As depicted in Figure 1b, the rock slope is characterized by complex surrounding terrain, steep surfaces, and variable vegetation coverage. These conditions make traditional contact-based measurement methods difficult to implement, time-consuming, labor-intensive, and pose significant safety risks. Remote sensing technologies, such as TLS and UAVs, offer new approaches for acquiring topographic data. However, these methods also entail specific limitations and challenges when applied in practice. Specifically, TLS excels in high-precision data collection at close range but is susceptible to terrain occlusion, which can result in data gaps [16]. On the other hand, UAVs can rapidly capture large-scale data of complex terrains, yet the accuracy and data density are relatively lower, with limited capability to capture detailed features [14]. It is evident that a single technique cannot fully meet the multifaceted requirements of high-precision modeling for high-steep slopes, particularly in terms of data collection perspective, spatial resolution, and field of view.

3. Materials and Methods

To comprehensively acquire spatial information of high-steep slopes in the complex mountainous region, it is essential to integrate multi-source remote sensing technologies. TLS and UAVs operate under different data acquisition and processing mechanisms, resulting in TLS point clouds and UAV images belonging to cross-source point cloud. The registration of such heterogeneous datasets is considerably more complex than that of homogeneous data. Furthermore, the final accuracy of the model largely depends on the quality of CSPC registration. Traditional registration methods, constrained by their specific applicability conditions, often produce deviations when applied directly to cross-source data. Therefore, there is a critical need to develop a TLS-UAV fusion method that combines strong adaptability with high precision, thereby providing foundational data support for constructing digital models of high-steep slopes in the complex mountainous region.

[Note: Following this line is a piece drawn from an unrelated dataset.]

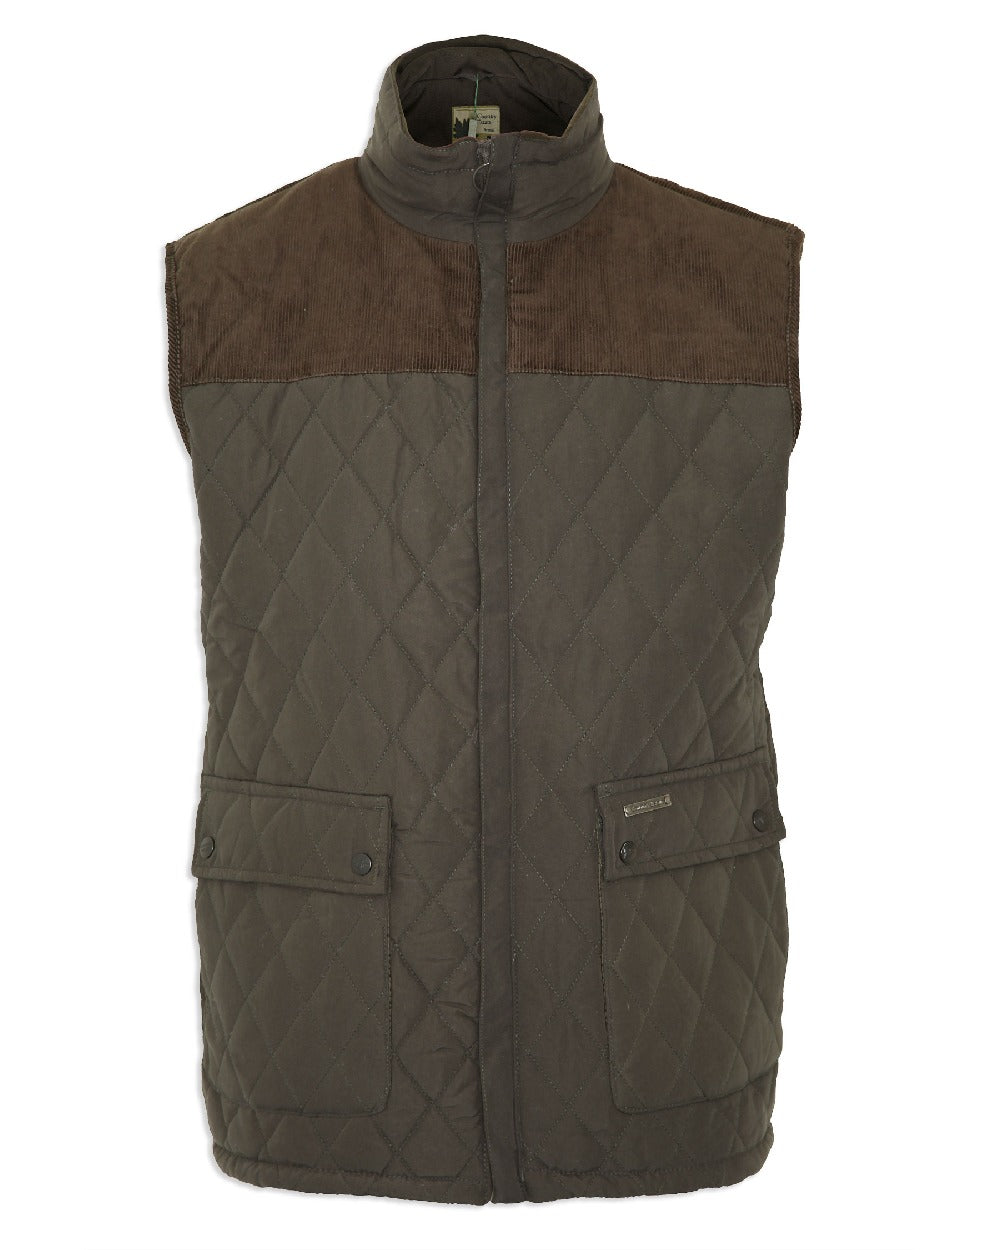 Champion Arundel Diamond Quilted Bodywarmer in Olive

To overcome the challenges described above, this study introduces a high-precision digital modeling method for high-steep rock slopes using the multi-sensor data fusion and the optimization of Transformer-based method. The proposed methodology comprises three principal steps: data acquisition and processing, cross-source data fusion, and model error evaluation. The whole workflow is illustrated in Figure 2. (1) Field data collection for the high-steep slope is conducted using TLS and UAV. The TLS-scanned point cloud is generated through station-based measurement and stitching, while the UAV-imaged point cloud is derived using the Structure from Motion and Multi-View Stereo (SfM-MVS) algorithm applied to the image data. (2) The CSPC is precisely registered using the GeoTransformer-MAC algorithms, generating the slope’s digital model. (3) The accuracy of CSPC model is assessed based on global and local error evaluation methods, i.e., parametric testing and multi-scale model-to-model cloud comparison (M3C2) method [37]. The computational processing was performed on a workstation configured with 192 GB of RAM and an Intel Core i9-14900K @ 3.20 GHz CPU. Point cloud data were processed using CloudCompare V2.12 [38] and Python 3.8 environment [39], with the deep learning module implemented in PyTorch V2.1.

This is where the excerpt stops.